AutoNeuriteJ :

To install the macro you need to copy the text file called "neurons.lut" inside the "Luts" folder of Fiji/ImageJ.

Note that tree other ImageJ/Fiji plugins are requested by the macro :

The plugin "Analyze Skeleton 2D/3D" Developped by Ignacio Arganda-Carreras http://imagej.net/AnalyzeSkeleton (By default in Fiji)
The plugin "MorphoLibJ" Developped by David Legland and Ignacio Arganda-Carreras https://imagej.net/MorphoLibJ (in Fiji : check "IJBP-Plugins" in the Update site window).
The plugin "Morphology" from Gabriel Landini's website : http://www.mecourse.com/landinig/software/software.html (in Fiji : check "Morphology" in the Update site window).
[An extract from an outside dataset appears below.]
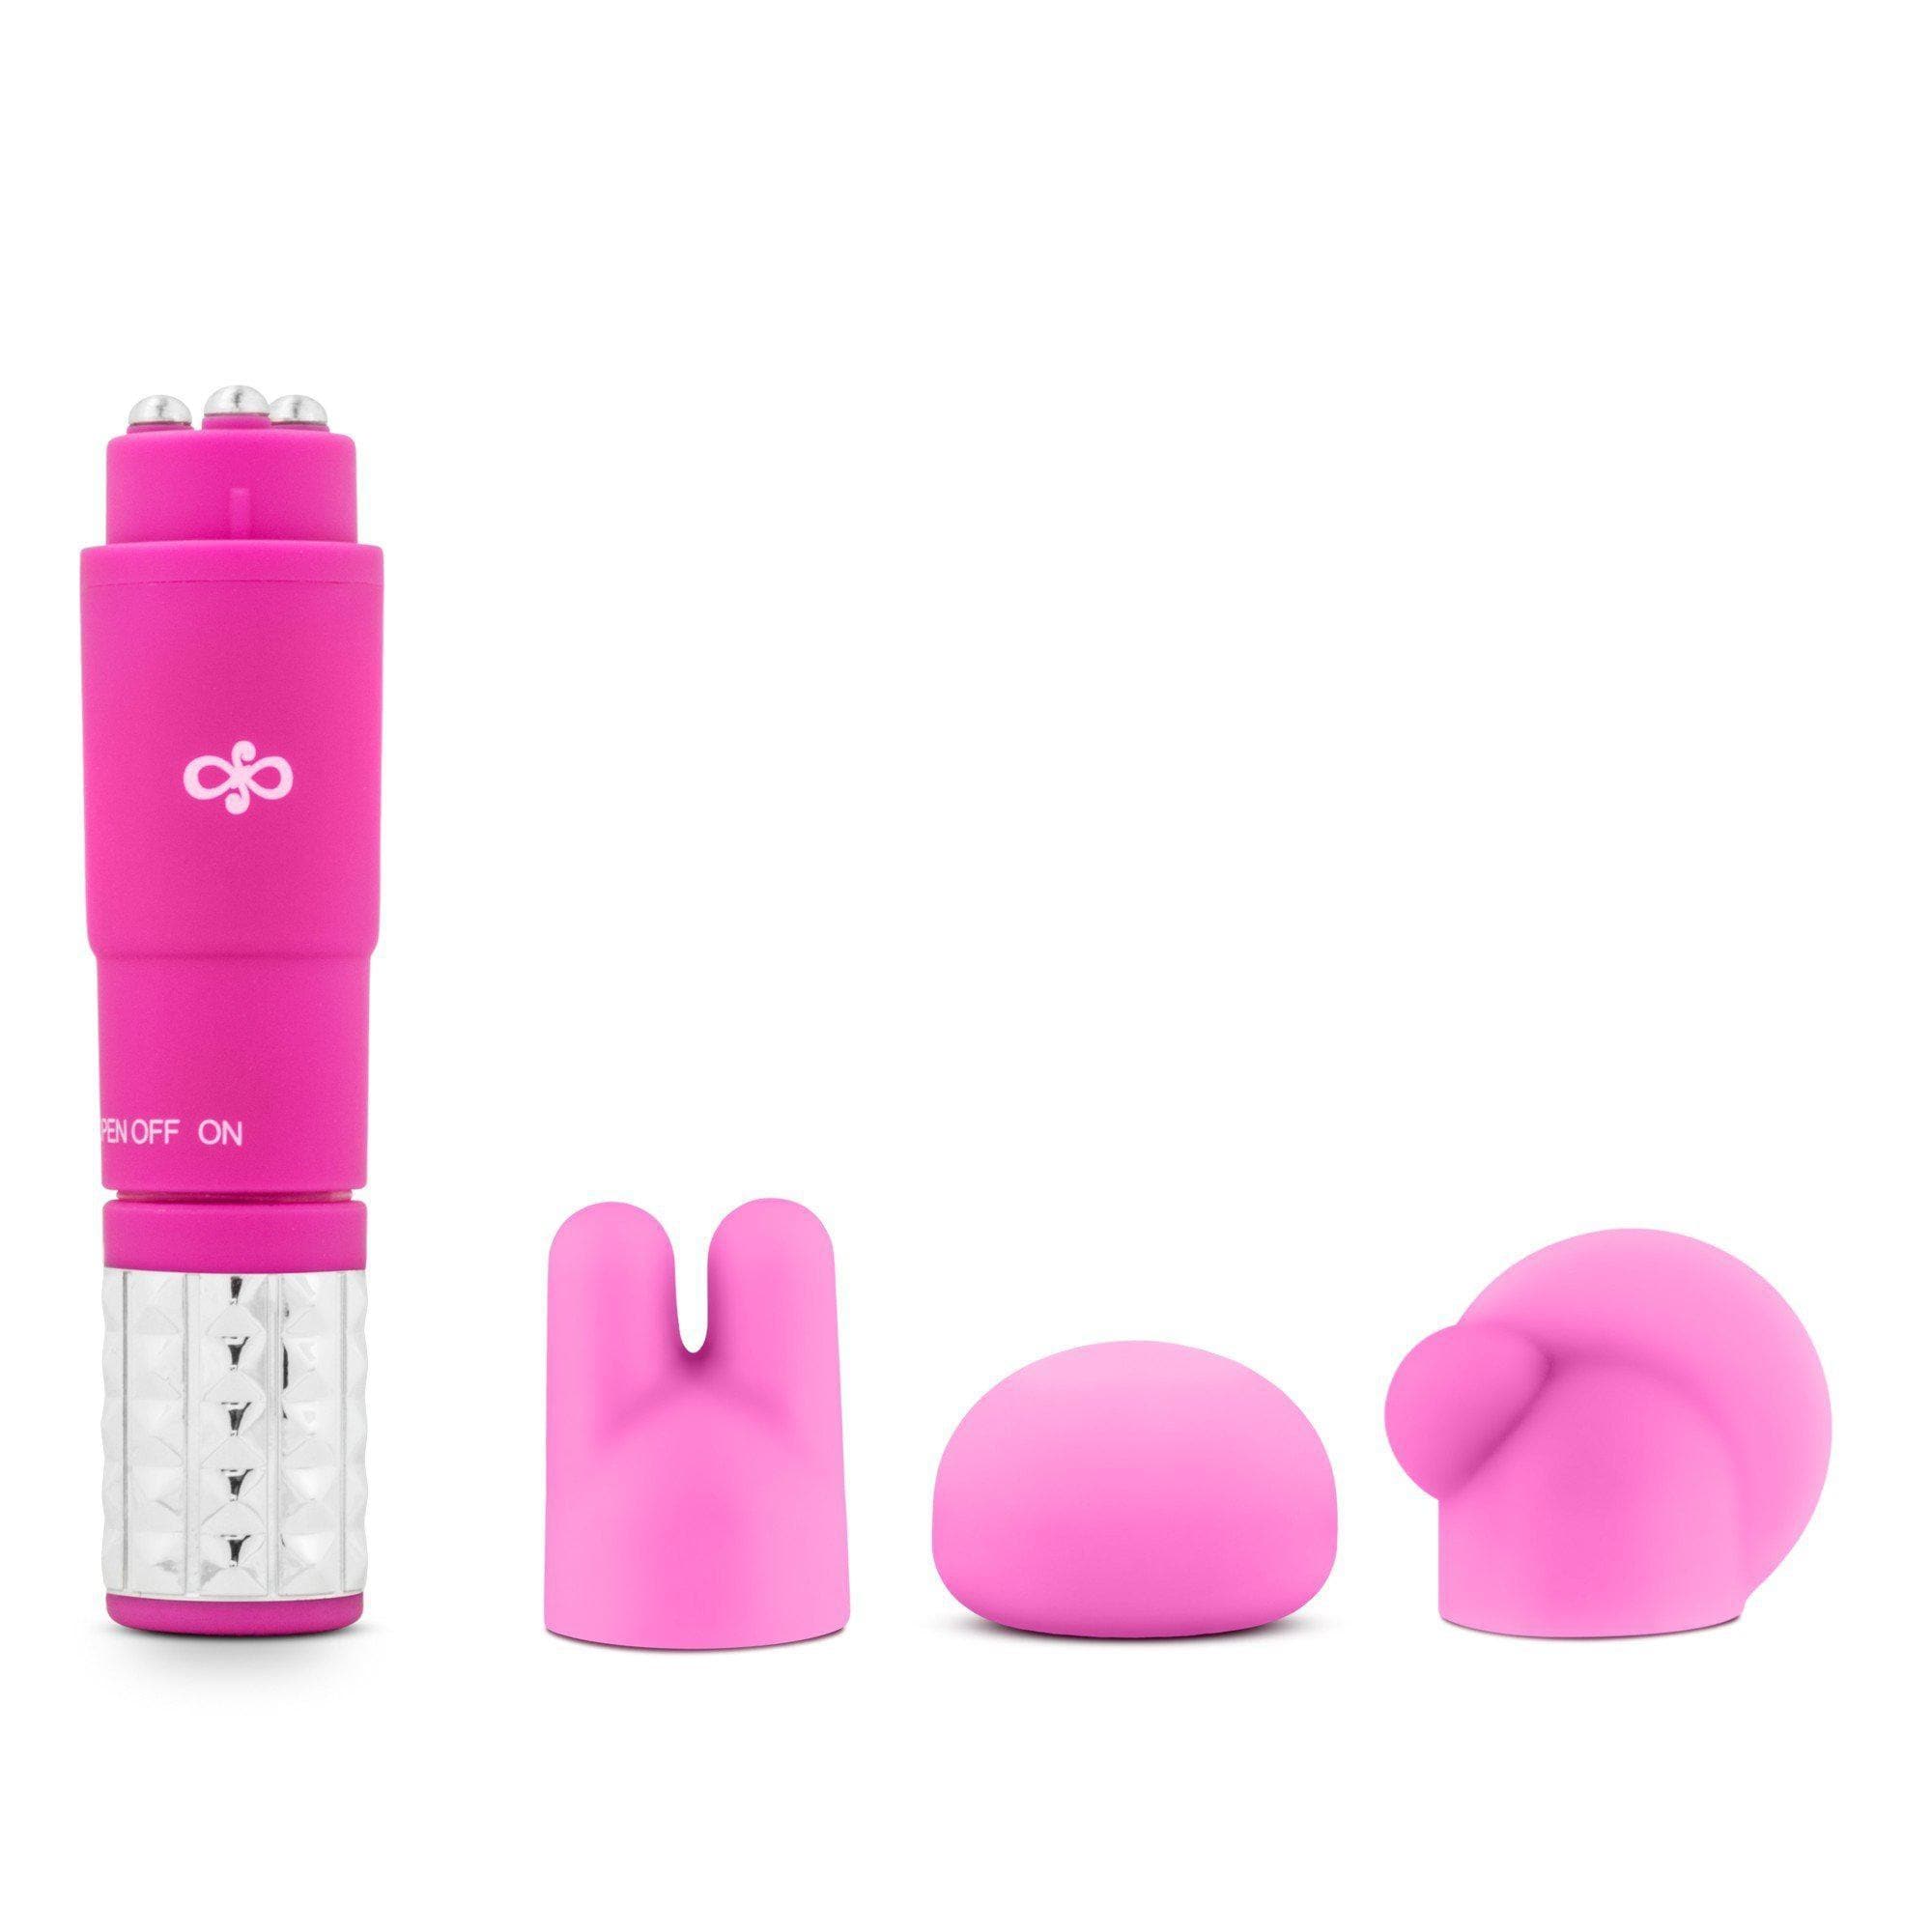 Rose Revitalize Massage Kit with Pocket Vibrator Massager and 3 Attachments - Romantic Blessings

Then you can run the macro entitled "AutoNeuriteJ.ijm" with Fiji/ImageJ. Or use the macro entitled "AutoneuriteJ-for-mac.ijm" if you're using a mac.

More informations :

Running any part of the macro will ask for a few parameters to be filled up such as location of the files you want to analyze, keywords in their names, and different parameters concerning the size of the nucleus andd neurites.

- Part 1 : image pre-treatment for enhancing the segmentation efficiency of the neurons.

    - Part 2 : Pre-processing of segmented images to create stacks of individual neurons and their skeleton.

    - Part 3 : Measurement of neuritic length and classification.

Part 1 will ask you to select the threshold that fits the best your neuron and nuclei.
so you will have to repeat this step as many times as you have images to analyze.

Tips : Be careful to set the low limit of the threshold really low to get a maximum of neurite (one click above 0).
for the nuclei, the staining is homogenous so you may have to do nothing for the threshold.

Part 2 and 3 settings are recorded to run properly with DIV2 hippocampal neurons, but could be adapted for other type of neurons . Part 2 and 3 are more automated so that different images may be analyzed after indicating their directories path ( one directory per image to analyze).

Recommended settings for hippocampal neurons at 1µm/pxl resolution :

-Part I :
    - Minimal area for a neuron (in pixels) : 1500
    - Nucleus diameter (in pixels) : 30         
-Part II :
    - Minimal skeleton length of a neuritic tree (in pixels) : 15
    - Minimal area for a binary Neuron (in pixels) : 2000
    - Minimal total skeleton length to consider a neuron (in pixels) : 100
-Part III :
    - Minimal size for a Neurite (in pixels) : 15
    - Minimal size for an Axon (in pixels) : 150
    - Ratio (Axon Length)/(Longest Primary Neurites length) to be an Axon : 1.3 to 2

Important :

To properly use this macro, a directory is usually created for each condition with the two images corresponding to the neurons staining and the nucleus staining. All parts of the macro will create subfolders inside each directory necessary for the subsequent steps. Note that for Part 2 and Part 3, the directories requested by the macro correspond to the newly created subfolders. Part 3 will create a final subfolder, called "Measures", containing :

- A stack of images named "Stack_of_Neurites": corresponding to the skeletons that had been measured, coded in different colors, depending on the hierarchy of the neurites (primary, secondary...).

- A stack of images named "Overlay": corresponding to the original images of the neurons with the overlapping image of the skeleton, with the same color code than above --> this stack normally allows a visual check of the proper functioning of the macro.

- A text file named "Results": that can be processed in a spreadsheet (e.g. Excel)